Fantastic Four director Josh Trank has created a strange, bitter-flavoured account of the celebrated mafioso in terminal decline in Florida
Josh Trank is the film-maker who took flight in 2012 with his brilliant superhero-nerd fantasy Chronicle, but then found the wind beneath his wings vanish with his disappointing Fantastic Four movie just three years later, which crashed acrimoniously to earth. Now he is back with this gloomy, distinctively grandiose but very confident study of a gangster legend in terminal decline in the
Florida sun, basking in his own cantankerous scorn like one of the gators in the lake he overlooks. Trank has written, directed and edited it.
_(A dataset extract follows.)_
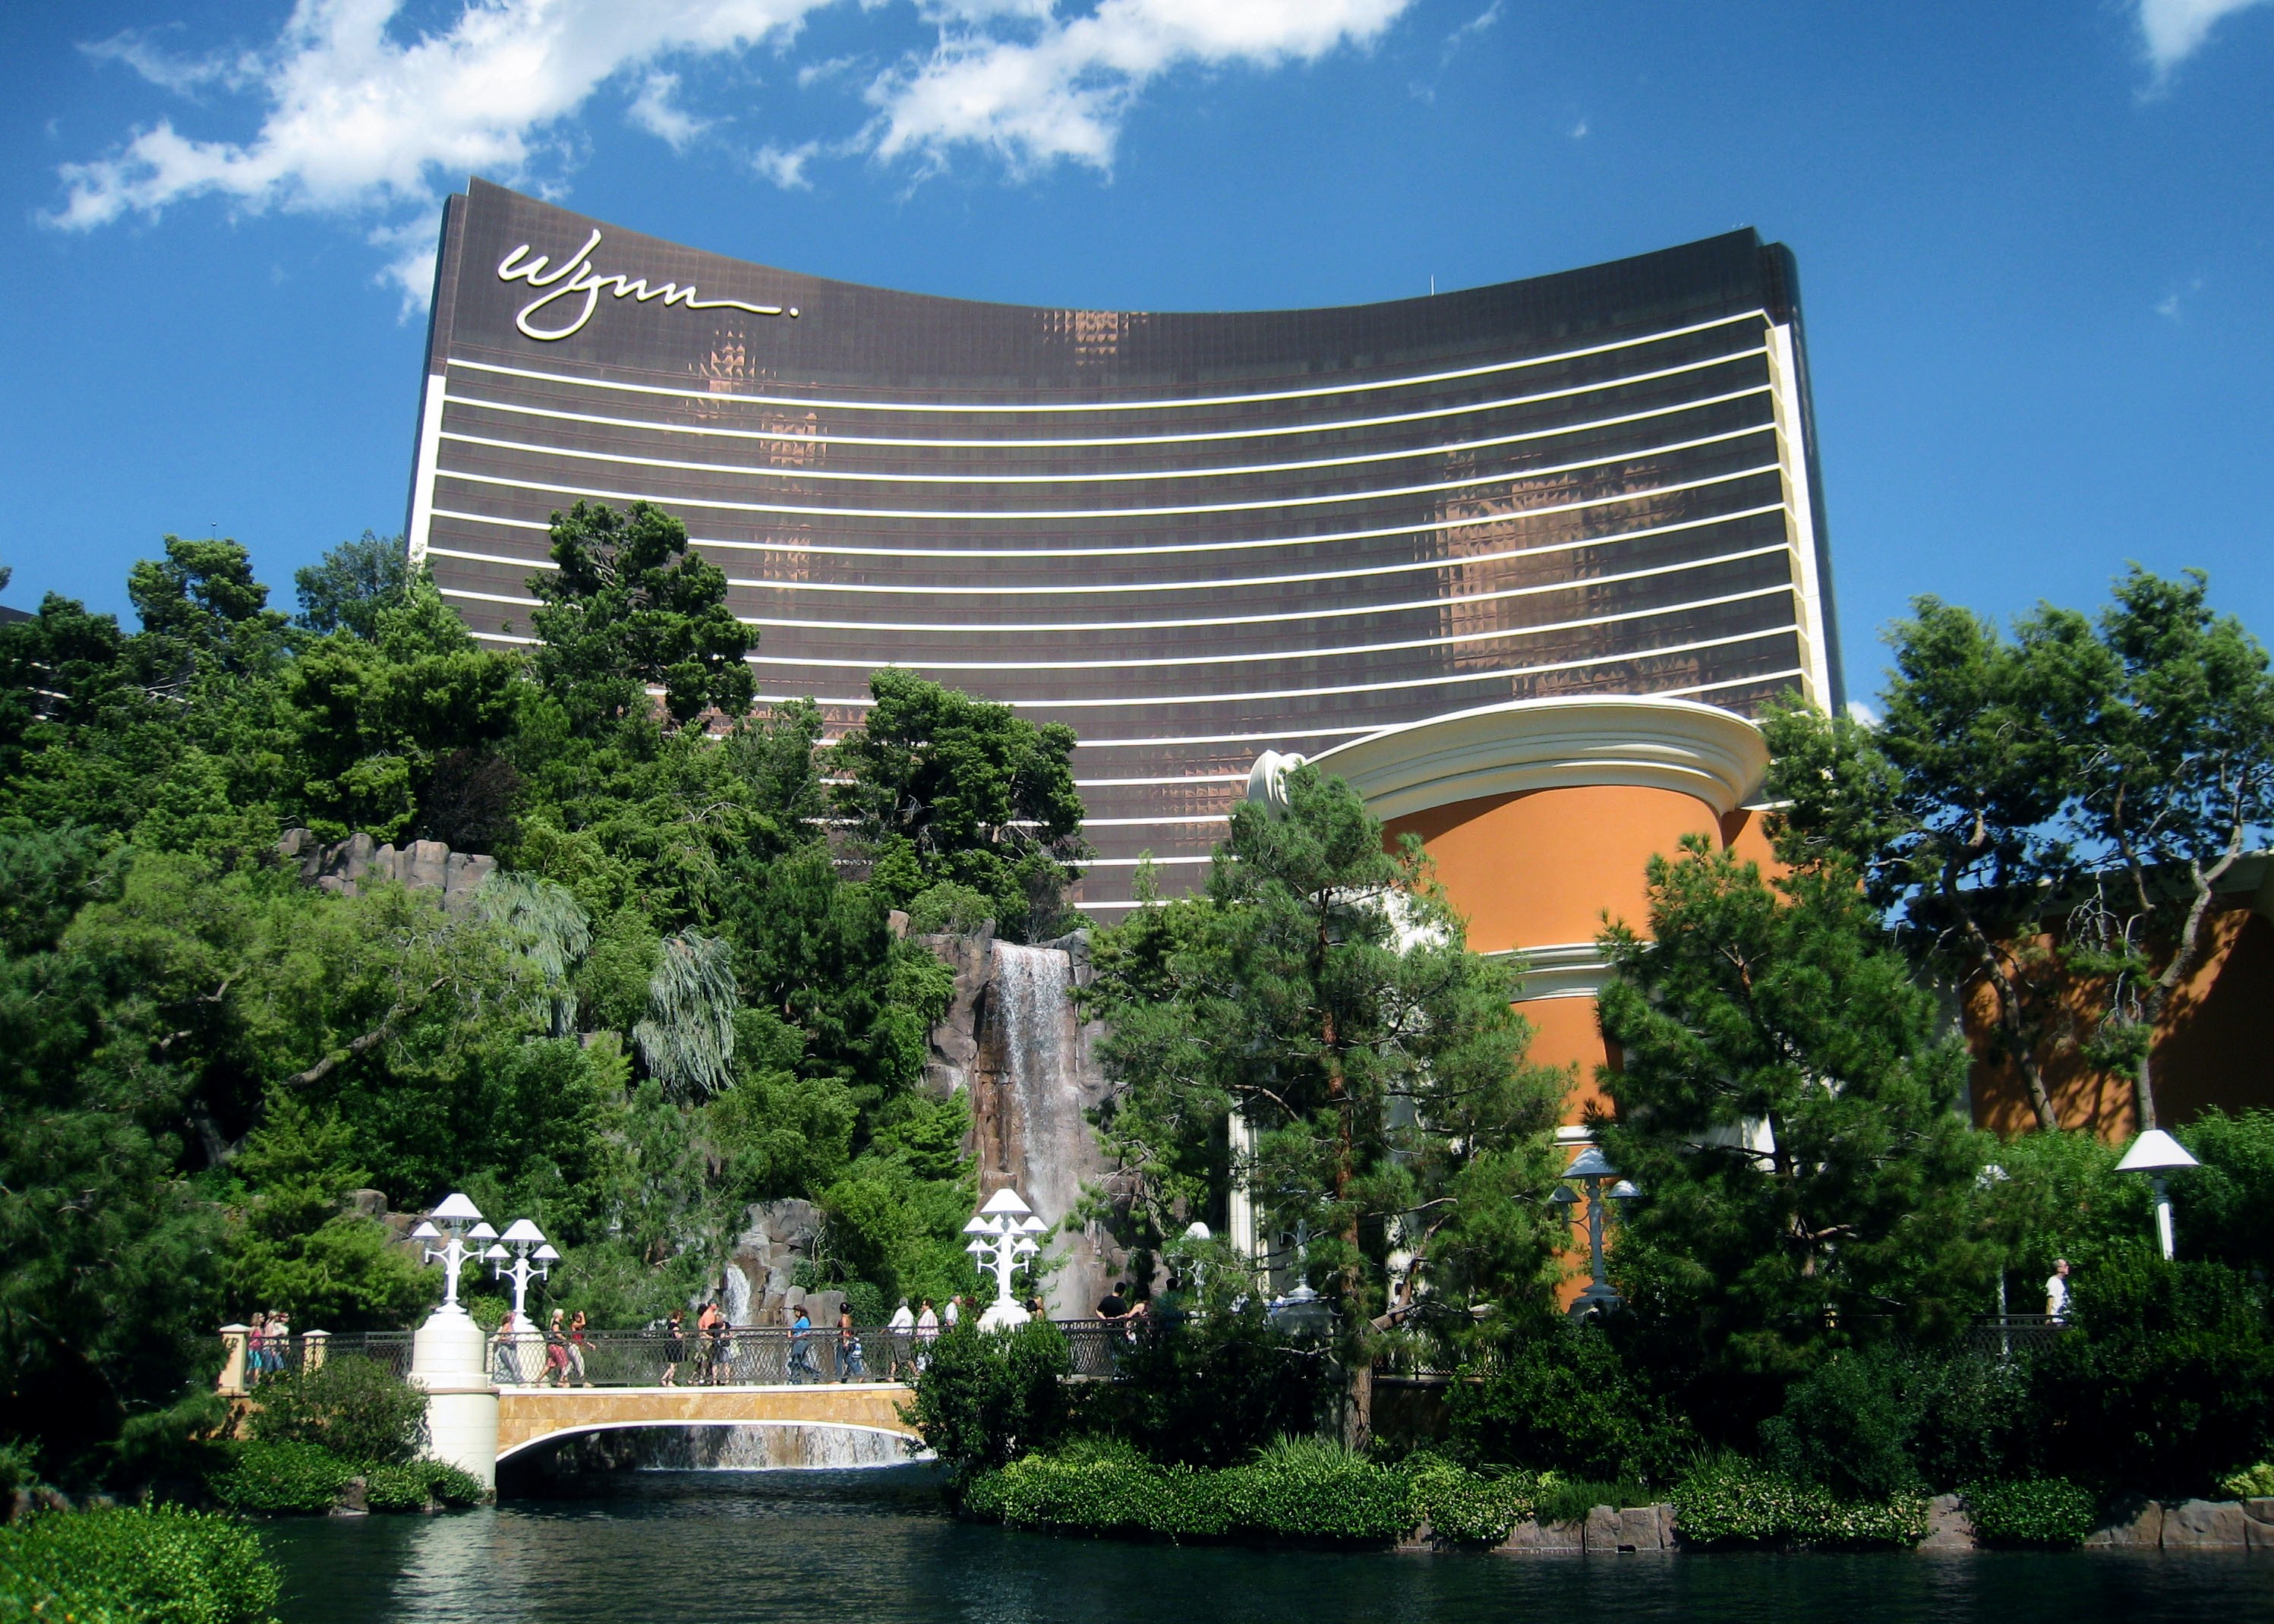 Wynn casino vegas рублевые ставки в казино

Tom Hardy stars as Al Capone, referred to by his family as “Fonzo” (from his first name Alphonse). It is 1947, and he has just been released from
prison after ten years, due to ill health having suffered a stroke. He is allowed to live under house arrest, bugged from afar by
FBI men, and surrounded by watchful, slightly resentful family members – although his wife Mae (Linda Cardellini) seems genuinely still to care for him. He is only in his late 40s, but seems at least 20 years older than that. The film spans one year, bounded by two
Thanksgiving dinners, in the course of which Capone’s own physical and mental state declines, along with his finances. His estate is progressively denuded of its furniture, expensive artworks and statues, which happens in chilling parallel with Capone’s mental befuddlement.